*Supplied data*
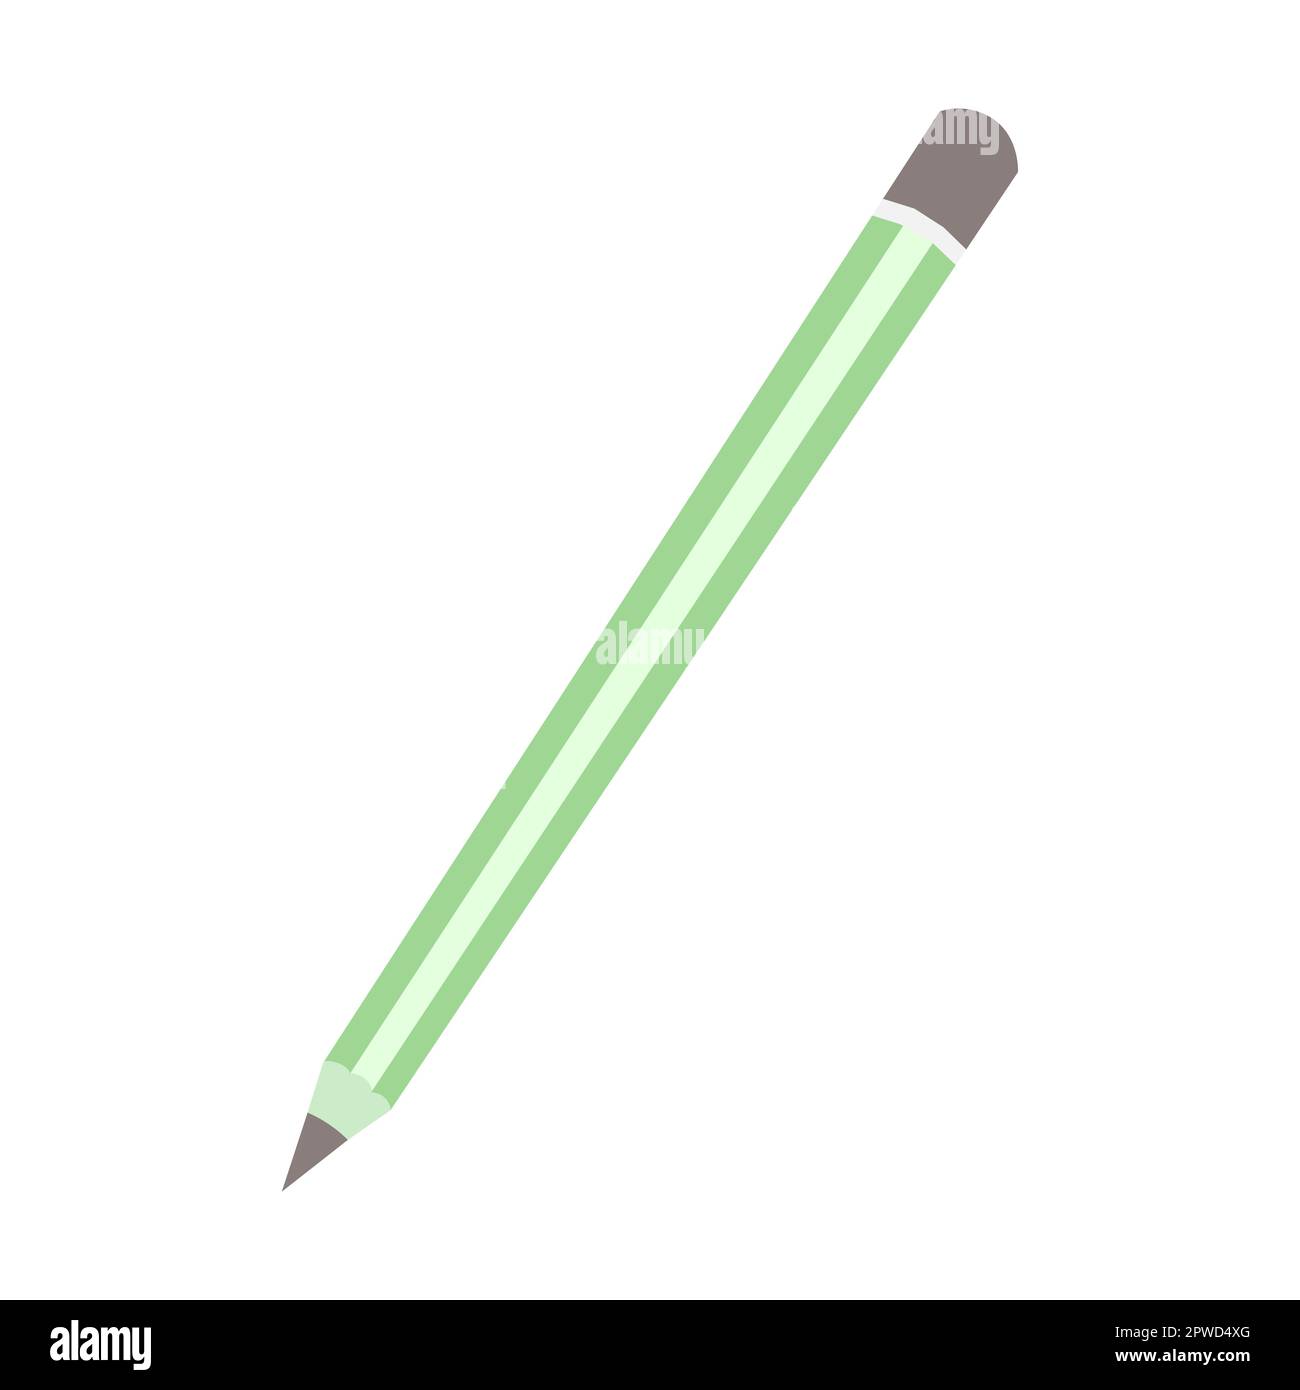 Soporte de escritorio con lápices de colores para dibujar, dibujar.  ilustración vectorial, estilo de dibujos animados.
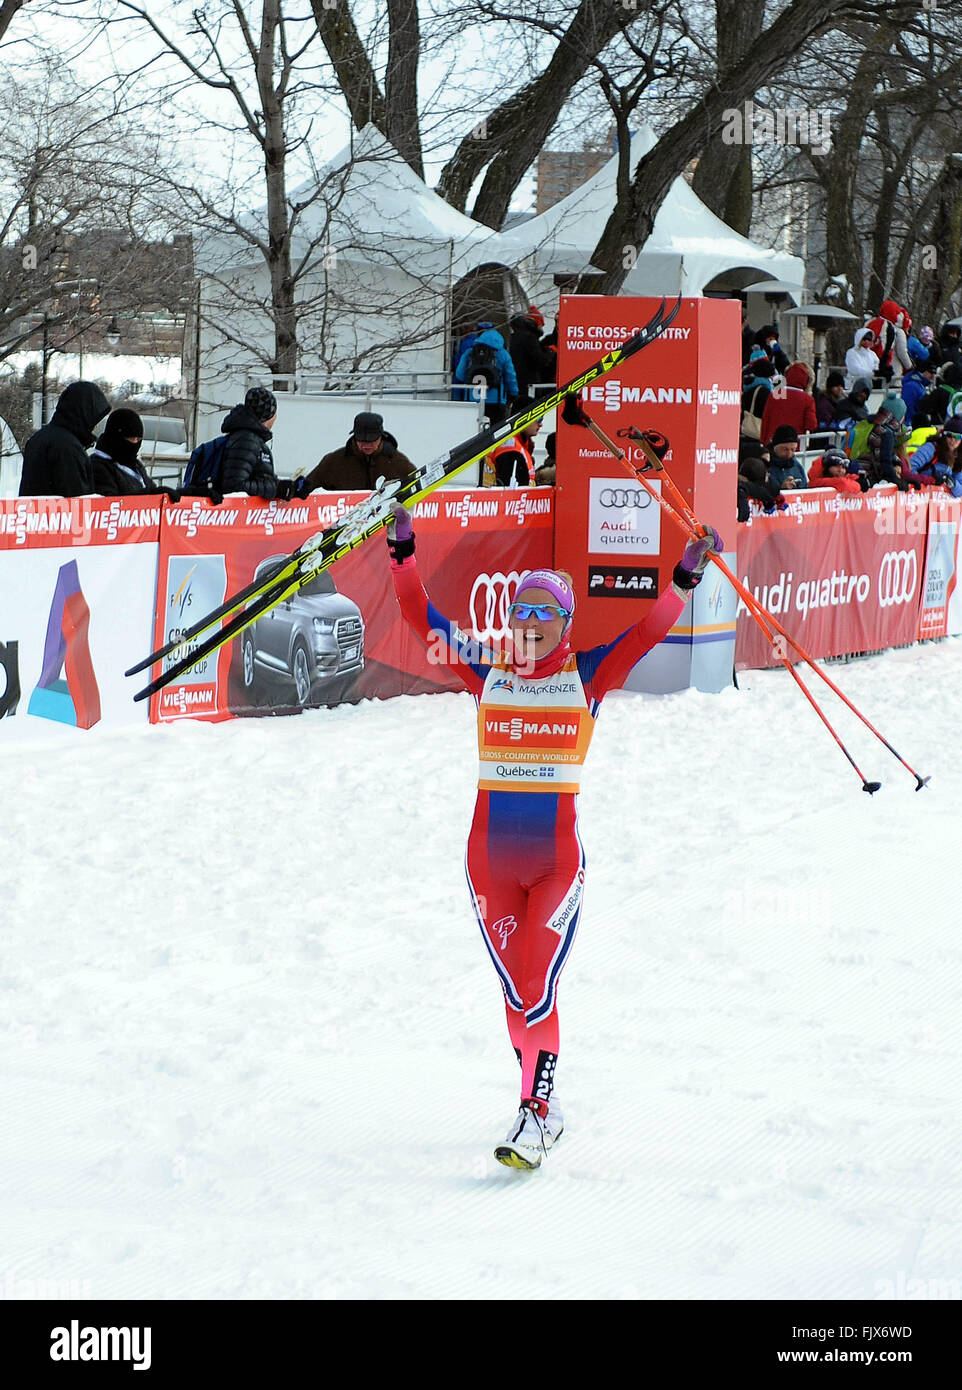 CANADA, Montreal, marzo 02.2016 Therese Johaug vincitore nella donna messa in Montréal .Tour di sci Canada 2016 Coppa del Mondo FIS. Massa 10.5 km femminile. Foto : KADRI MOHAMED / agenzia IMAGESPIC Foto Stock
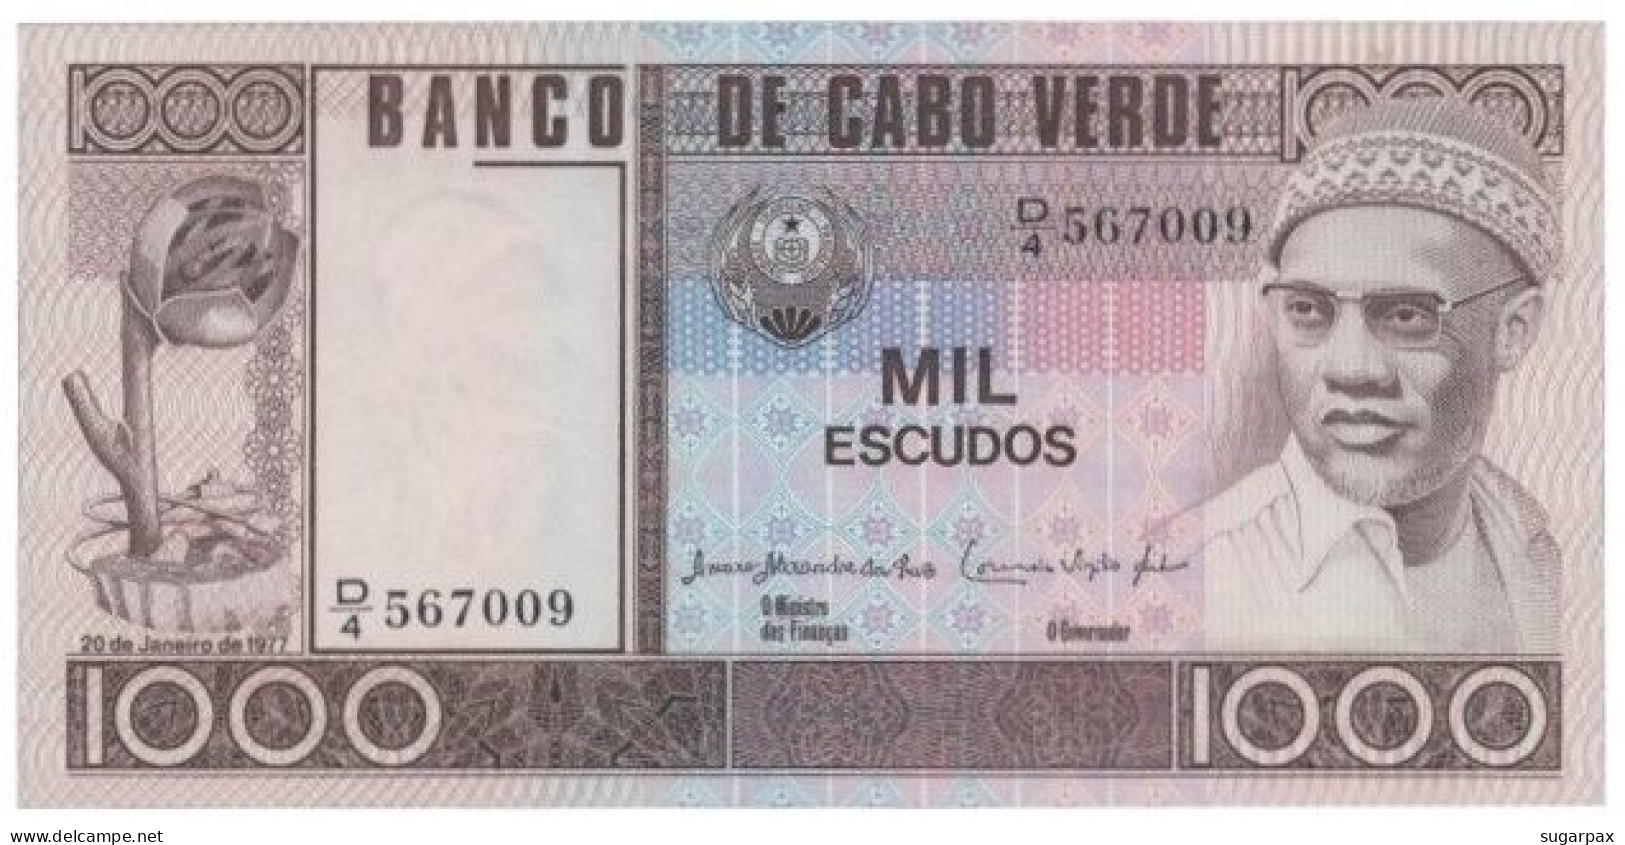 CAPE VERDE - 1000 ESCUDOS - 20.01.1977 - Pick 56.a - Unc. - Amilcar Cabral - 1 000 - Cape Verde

*Your task*
Retype each line above exactly and leave out any picture.

*Exercise result*
 Soporte de escritorio con lápices de colores para dibujar, dibujar.  ilustración vectorial, estilo de dibujos animados.
 CANADA, Montreal, marzo 02.2016 Therese Johaug vincitore nella donna messa in Montréal .Tour di sci Canada 2016 Coppa del Mondo FIS. Massa 10.5 km femminile. Foto : KADRI MOHAMED / agenzia IMAGESPIC Foto Stock
 CAPE VERDE - 1000 ESCUDOS - 20.01.1977 - Pick 56.a - Unc. - Amilcar Cabral - 1 000 - Cape Verde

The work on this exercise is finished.